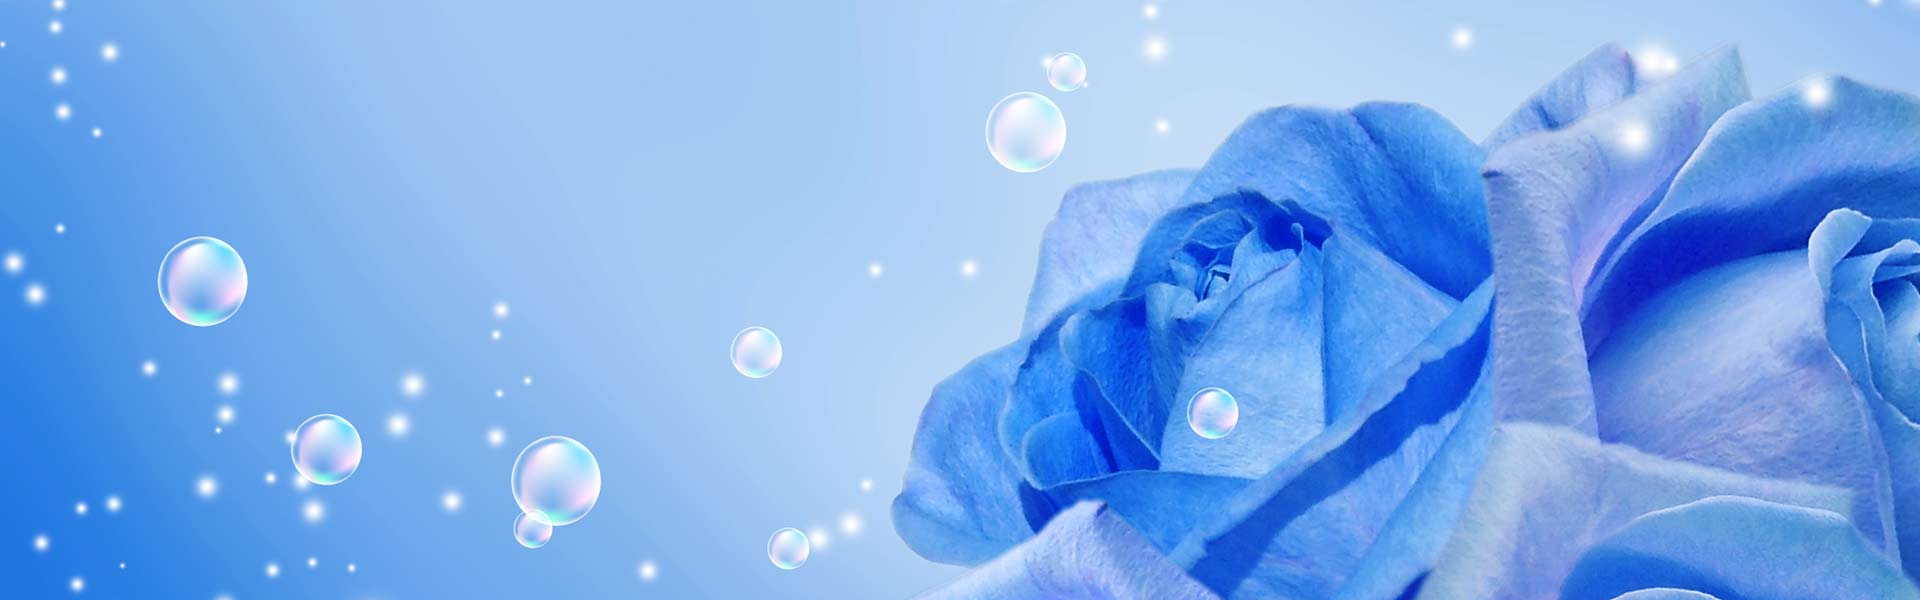 Blue Rose image banner
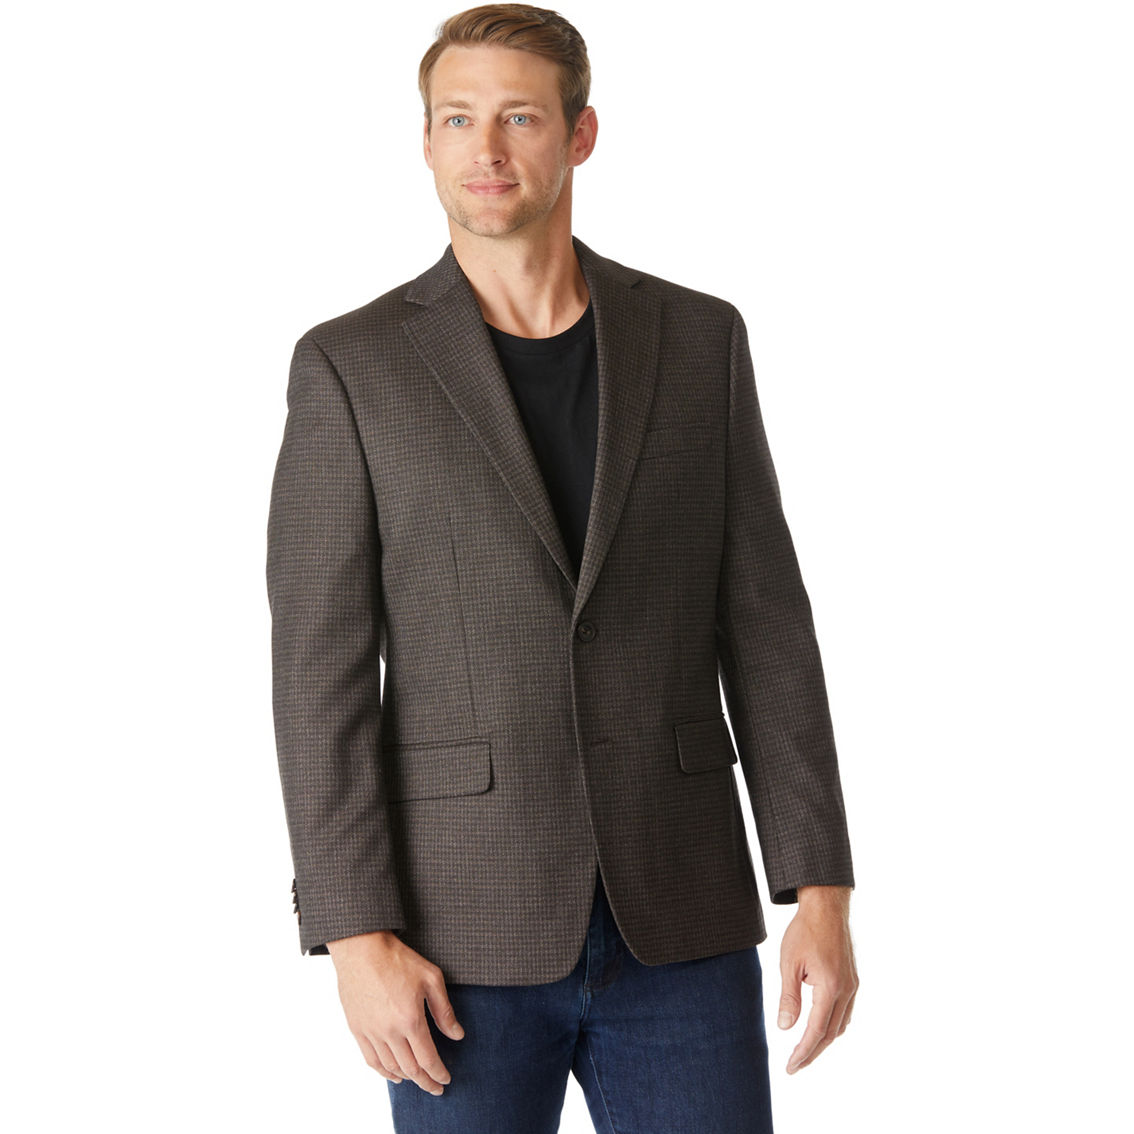 Michael Kors Classic Fit Brown Sport Coat | Suits & Suit Separates ...
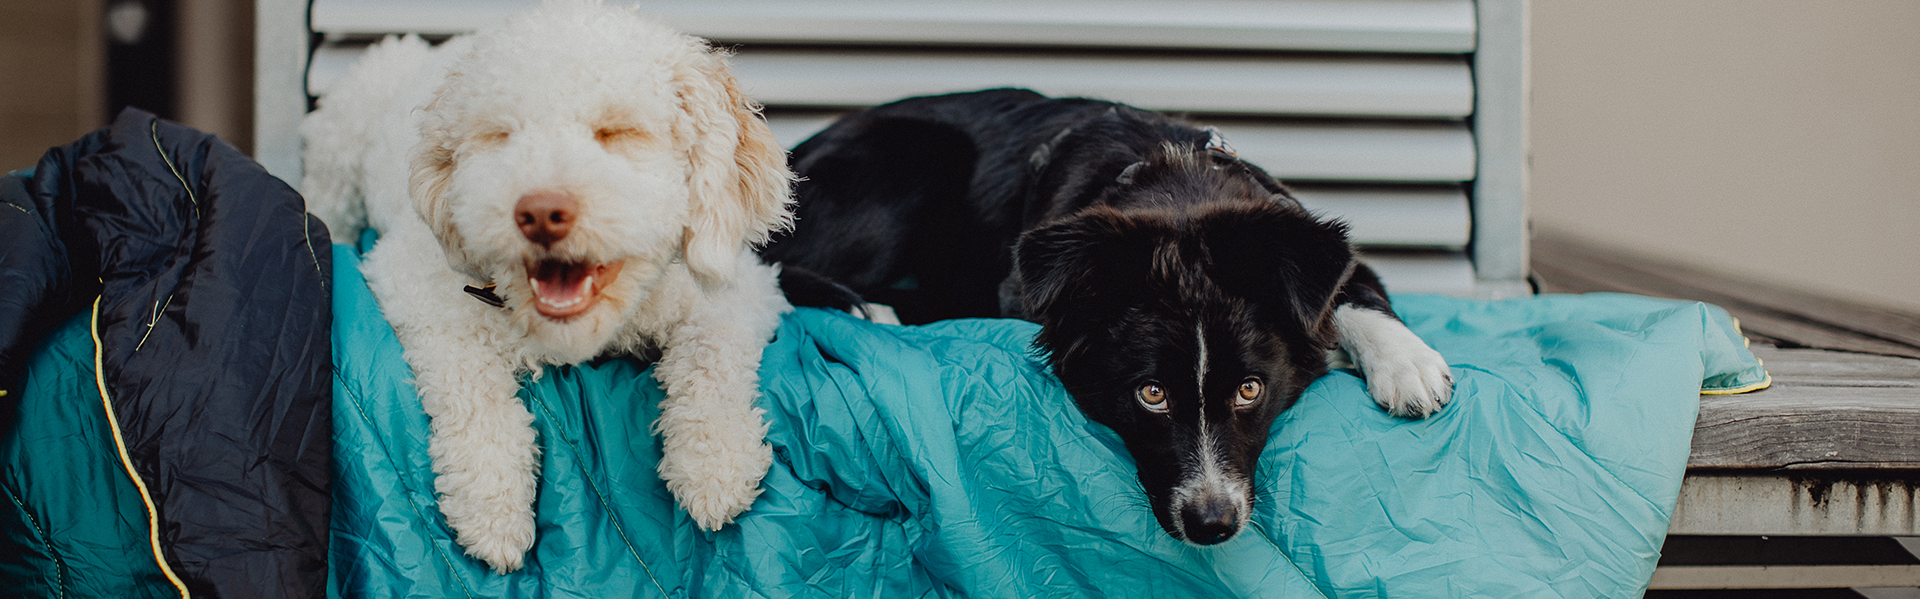 Ein weisser und ein schwarzer Hund liegen auf einer tuerkisfarbenen Campingdecke und schauen in die Kamera
= = =
Set down exactly, from the line that contains "Michael Kors Classic" through the last line of the data, each line as it stands, and leave the pictures out.

 Michael Kors Classic Fit Brown Sport Coat | Suits & Suit Separates ...
 Ein weisser und ein schwarzer Hund liegen auf einer tuerkisfarbenen Campingdecke und schauen in die Kamera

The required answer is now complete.